AVAILABLE DATA:

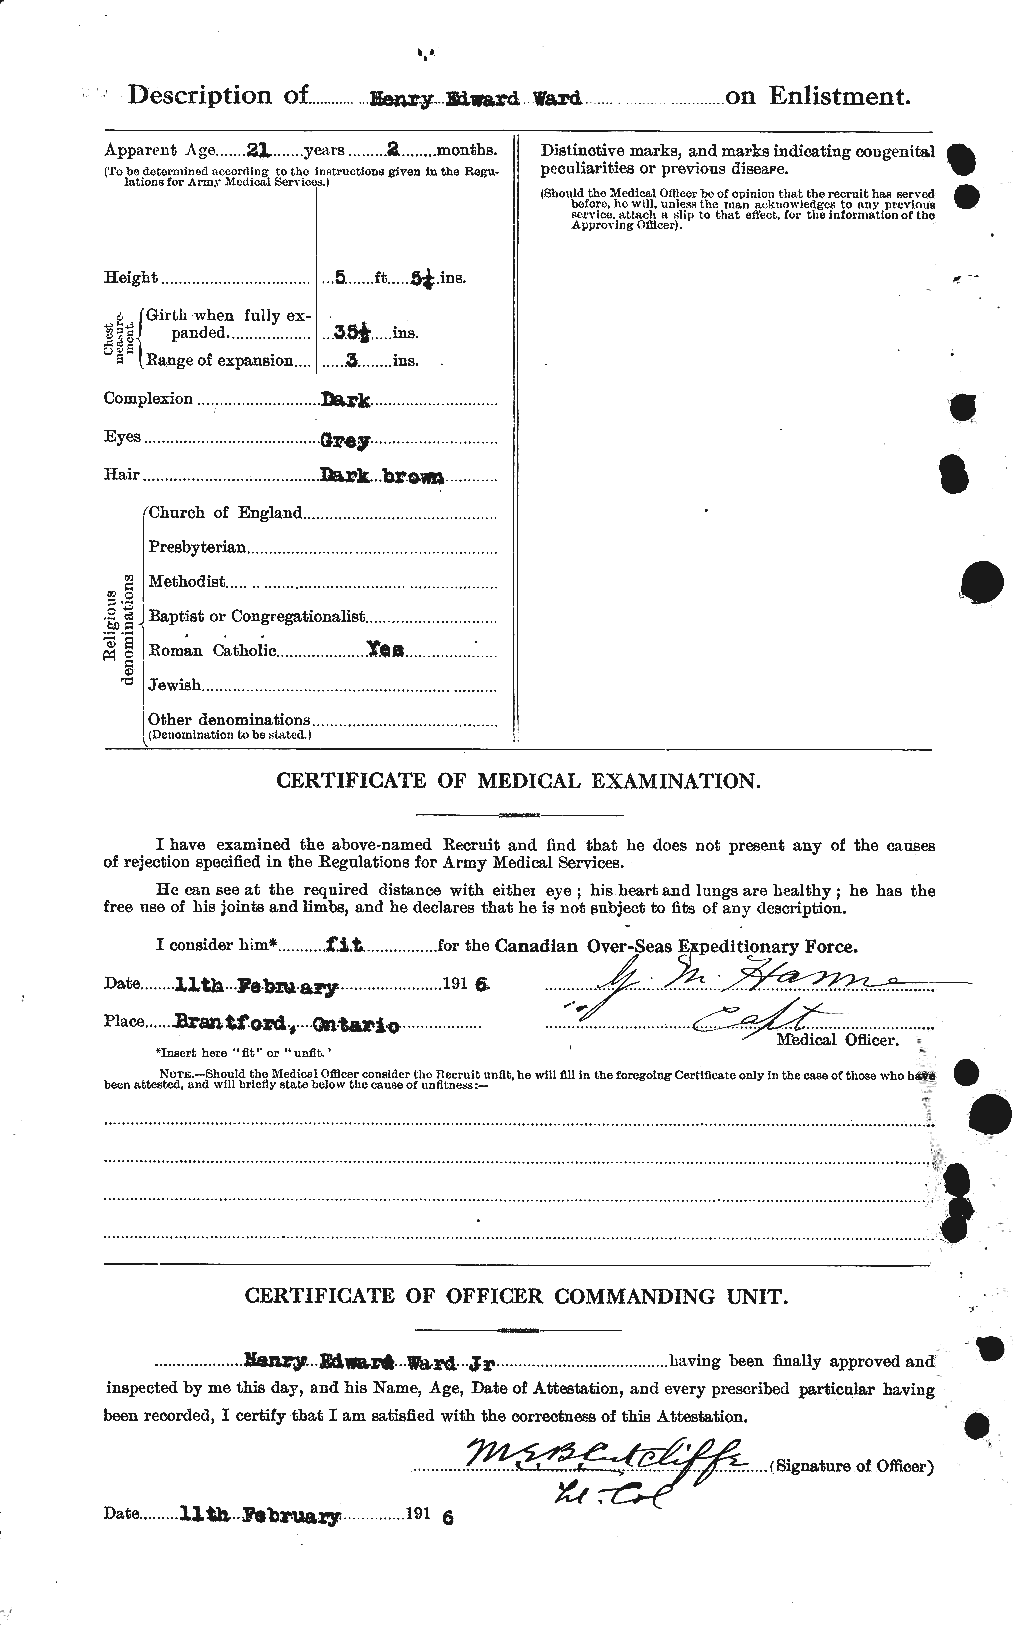 Personnel Records of the First World War - CEF 657833b
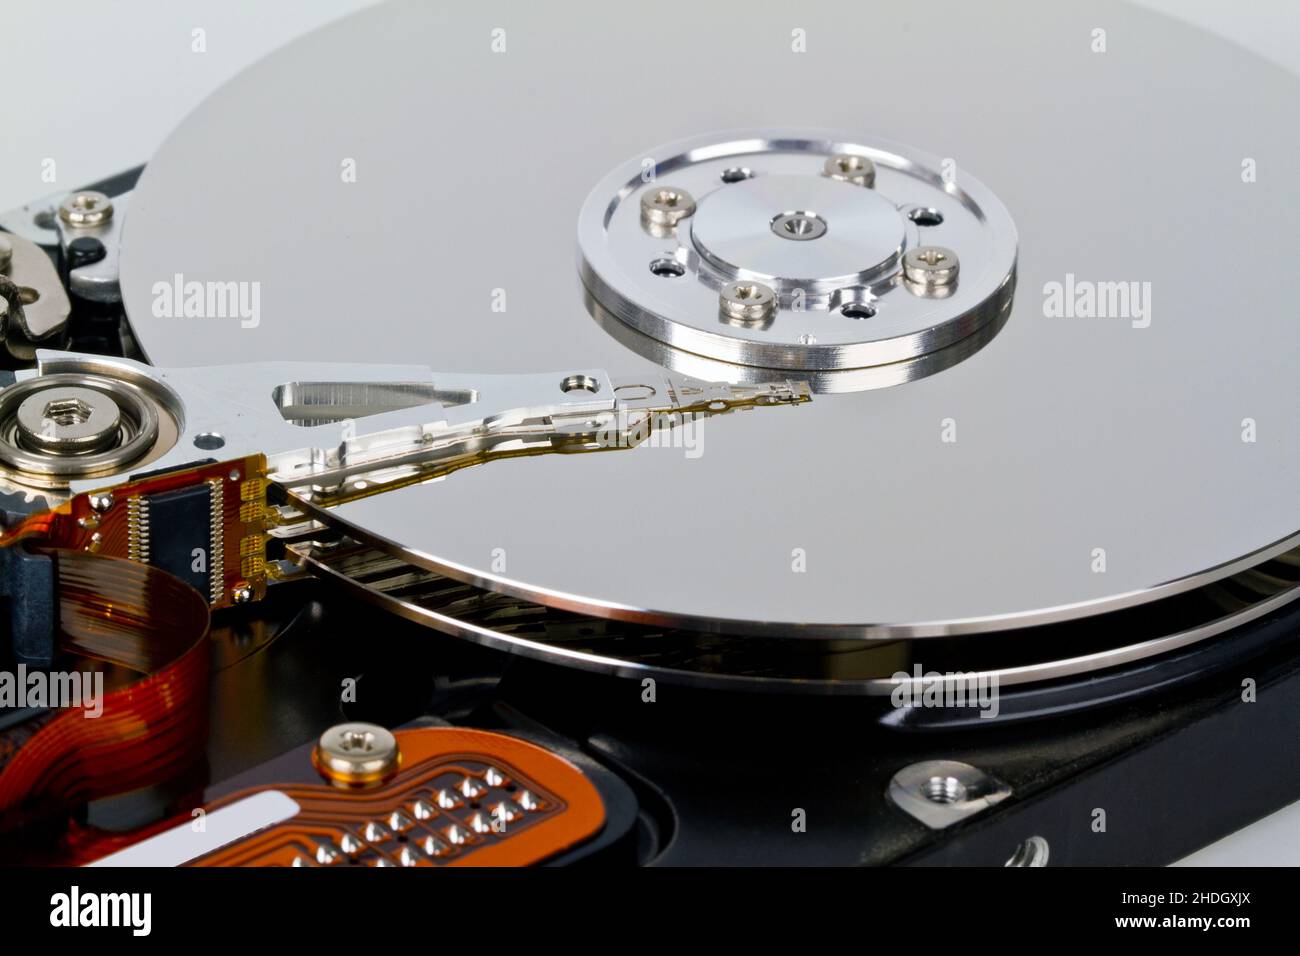 hard drive, disk read, hard drives, disk reads Stock Photo
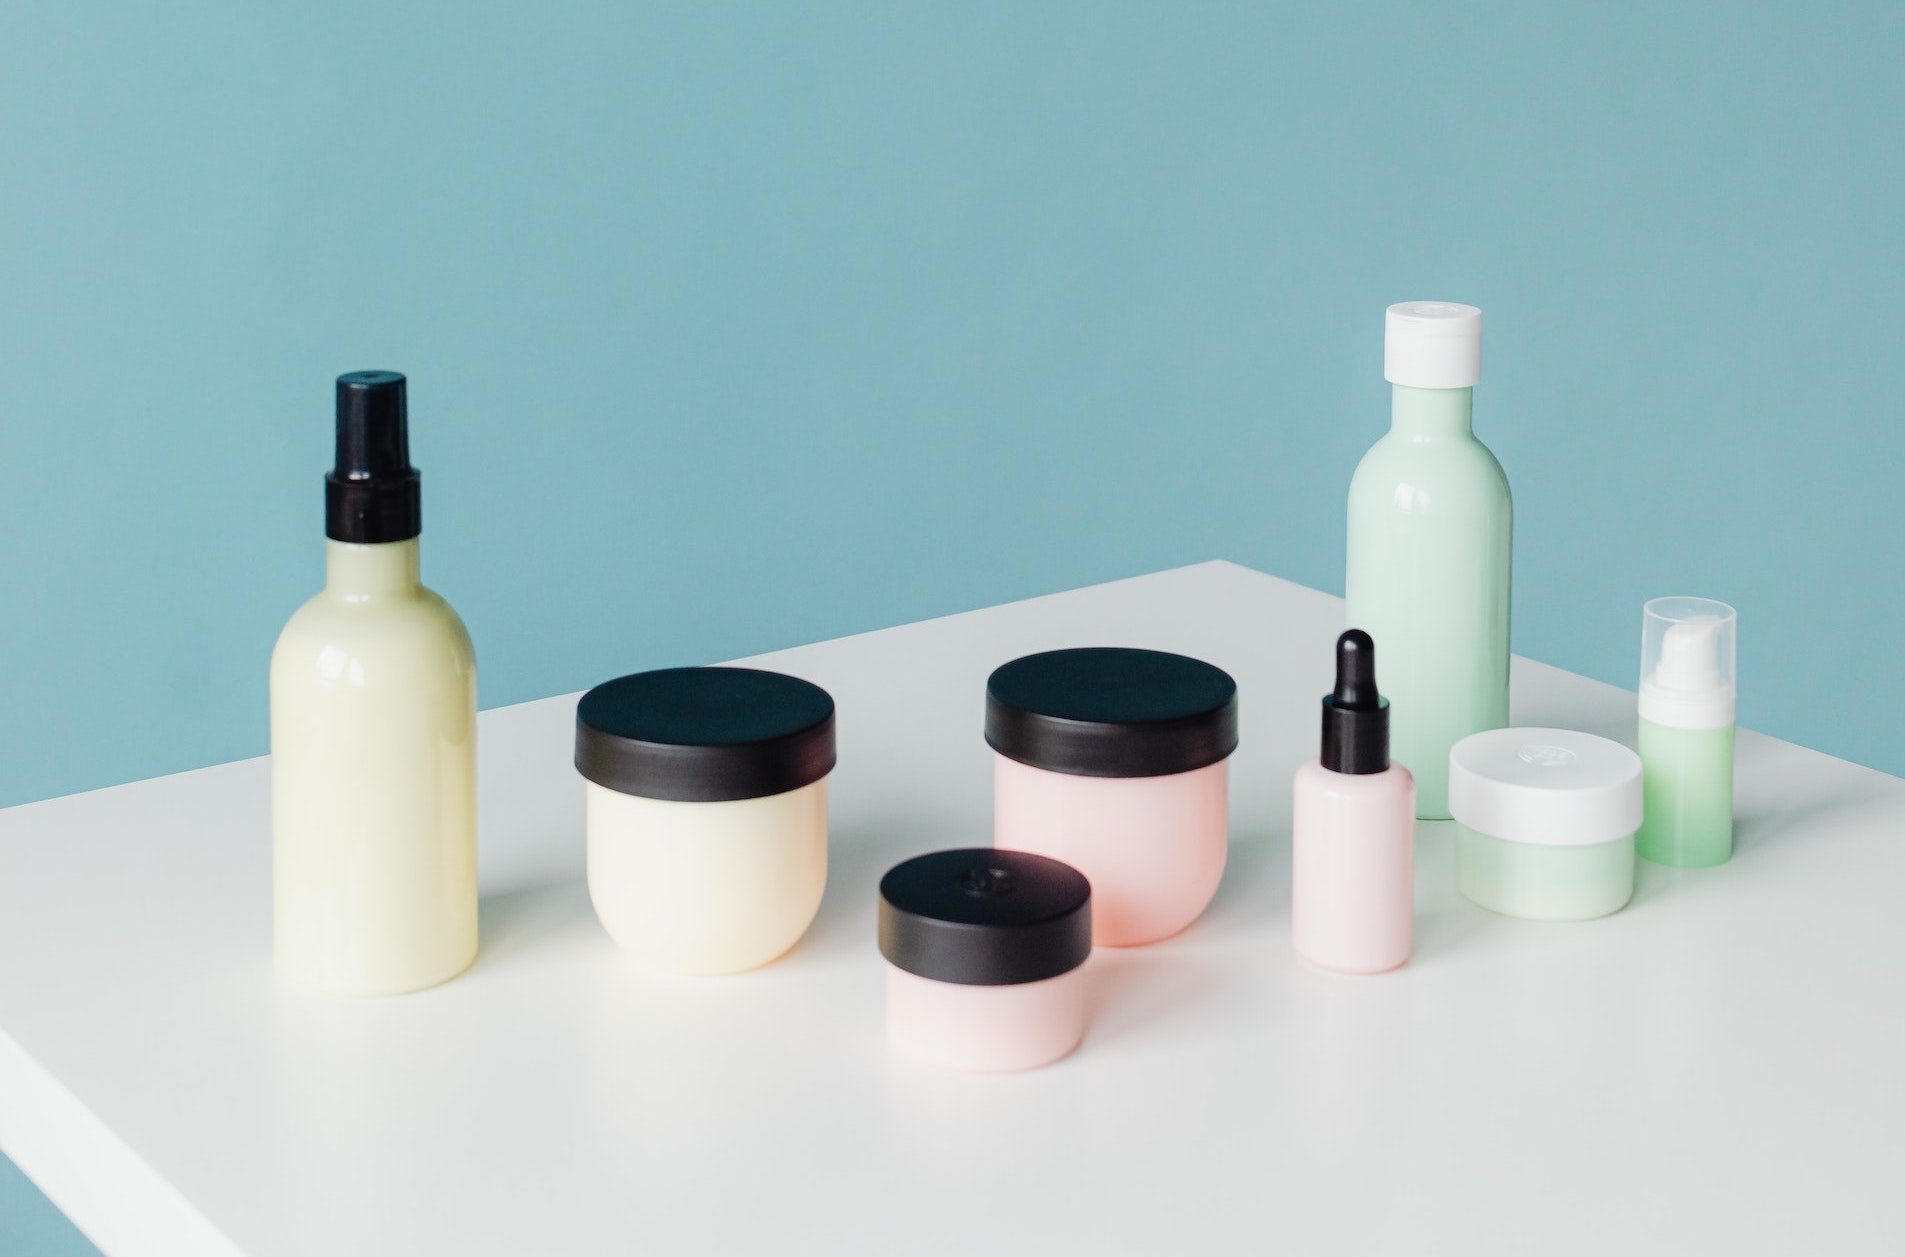 Multi-use skincare products? We’ve got you covered!

WHAT IS BEING ASKED: Leave out the pictures and print every line of the data exactly.

REPLY:
 Personnel Records of the First World War - CEF 657833b
 hard drive, disk read, hard drives, disk reads Stock Photo
 Multi-use skincare products? We’ve got you covered!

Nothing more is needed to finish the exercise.